How brand clarity strengthens culture, recruitment and retention.
The care sector faces unprecedented challenges: high staff turnover, spiralling agency costs, workforce shortages, and increasing scrutiny from regulators and the public. While most responses focus on pay, process, and compliance, one critical factor is often overlooked: brand.
Why brand matters more than ever in care
Care is a people-first business. Your staff are your brand.
But sector data consistently shows:
- Turnover rates in social care remain among the highest of any UK sector
- Agency reliance is increasing costs and reducing the continuity of care
- Recruitment advertising is expensive and rarely solves the root problem.
When staff lack a meaningful connection to an organisation’s purpose or identity, engagement drops.
That disengagement leads to:
- Higher staff churn rates, requiring more agency cover thereby increasing costs
- Lower morale leading to poorer service quality and greater risks around compliance
- Inconsistent messaging leading to brand erosion among stakeholders.
The link between brand, culture and retention
Our research and client experiences confirm that there is a direct correlation between a strong, clear brand and a more resilient and enduring workforce. That’s because:
- Organisations with a clear brand see stronger cultural alignment
- Staff who understand and believe in an organisation’s values are more likely to stay, reducing agency dependency
- A consistent brand message simplifies recruitment – candidates know what you stand for and are attracted by that certainty.
Brand is not an HR or marketing silo. It’s a strategic enabler for workforce resilience.
Common barriers in care organisations
Most care providers face similar brand-related issues. The most significant are:
- Growth and diversification, often leading to a fragmented identity across sites and services
- Leadership turnover diluting the organisation’s narrative
- Outdated branding which doesn’t reflect the organisation’s quality or values
- An inward focus which undermines the importance of external perceptions particularly amongst families, funders and regulators.

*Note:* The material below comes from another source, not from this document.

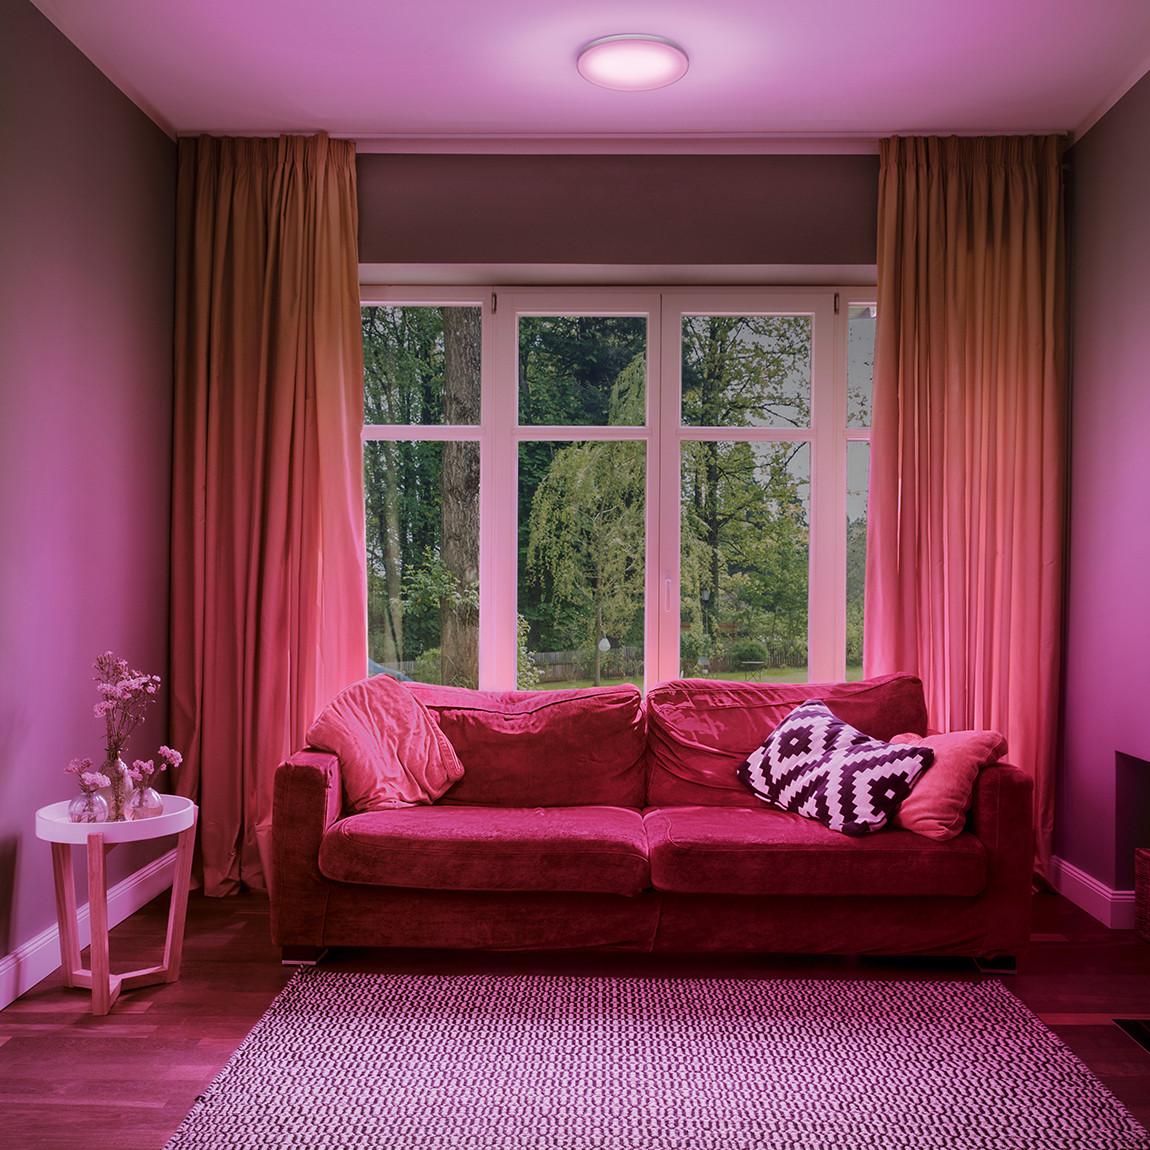 Ledvance SMART+ Planon Frameless rund CCT 300 mm - Lifestyle - im Wohnzimmer

These barriers weaken staff cohesion and external credibility.
Case Study: Supported living provider
A regional home-based care provider, despite delivering highly personalised care, lacked brand clarity. Staff, trustees, funders, and families held inconsistent and weak perceptions of the organisation’s purpose and culture. Its lack of salience was reinforced by its outdated and confusing visual identity.
Our first task was to conduct stakeholder research across the whole range of internal and external audiences. This research allowed us to gain a deep understanding of how the organisation operated, focusing specifically on its strengths and weaknesses, both absolute and relative.
Our findings were instrumental in the preparation of a draft brand strategy, which was used as the foundation for the brand development workshop. This was run amongst the core client team, honing the thinking and ensuring that everyone was fully supportive of the new brand strategy and resulting communications brief. The brief led to a new visual identity, strapline and set of key messages.
The identity was strikingly contemporary, anchored in a butterfly mark communicating the transformative role the organisation plays in improving the lives of the people it supports and bringing them joy. The new strapline, “Live your best life” reinforces this positive approach.
New marketing materials including a new website were created to ensure that the brand communicated clearly and consistently.
The project had a powerful impact, resulting in increased internal pride and cohesion and greater external recognition.
As the CEO put it:
“The rebrand has brought our team together, instilled pride, and helped us get noticed. We are now on a much surer financial footing”
Case Study: Care home provider
Another case study worth looking at is a care home provider we recently worked with. They operate some 60 sites attended by over 1,800 staff, so it perhaps wasn’t surprising that the organisation appeared highly disunited and culturally fragmentated.
From our initial perception study, it quickly became clear that staff felt disconnected from the brand and the different teams were operating in silos. So, we worked with the organisation to reinvigorate their brand identity – refining their vision, mission, values and proposition so that it was firmly rooted in the reality of the organisation yet sufficiently aspirational to engage staff.
The brand definition was used to create a winning new identity and appropriate marketing materials and our brand identity system and communications toolkit made it easy for all the different sites to adhere to the new brand both visually and in spirit.
We embedded the brand internally through a launch strategy led by internal champions and featuring both workshops and communications initiatives. The result was a renewed sense of pride and unity in the organisation and a deeper sense of team across the 60 sites.
“Since launch, the efficacy of the new brand is evident in the renewed sense of pride and purpose throughout the organisation”
CEO
Practical steps for care leaders
If you are interested in using your brand to build cohesion amongst your team, here are some tips for starting on that journey:
- Audit your current brand reality
Do staff describe your organisation the same way that the leadership does?
Does your visual identity reflect your quality of care? - Engage staff early
Brand is co-created, not imposed. Listening drives engagement and enthusiasm - Align brand with operations
Your brand values should influence recruitment, training, behaviour and performance – not sit growing dusty on the shelf - Equip your teams
Create easy-to-use comms toolkits and ‘onboarding’ packs - Tell your story externally
Position brand strength as part of your recruitment advantage.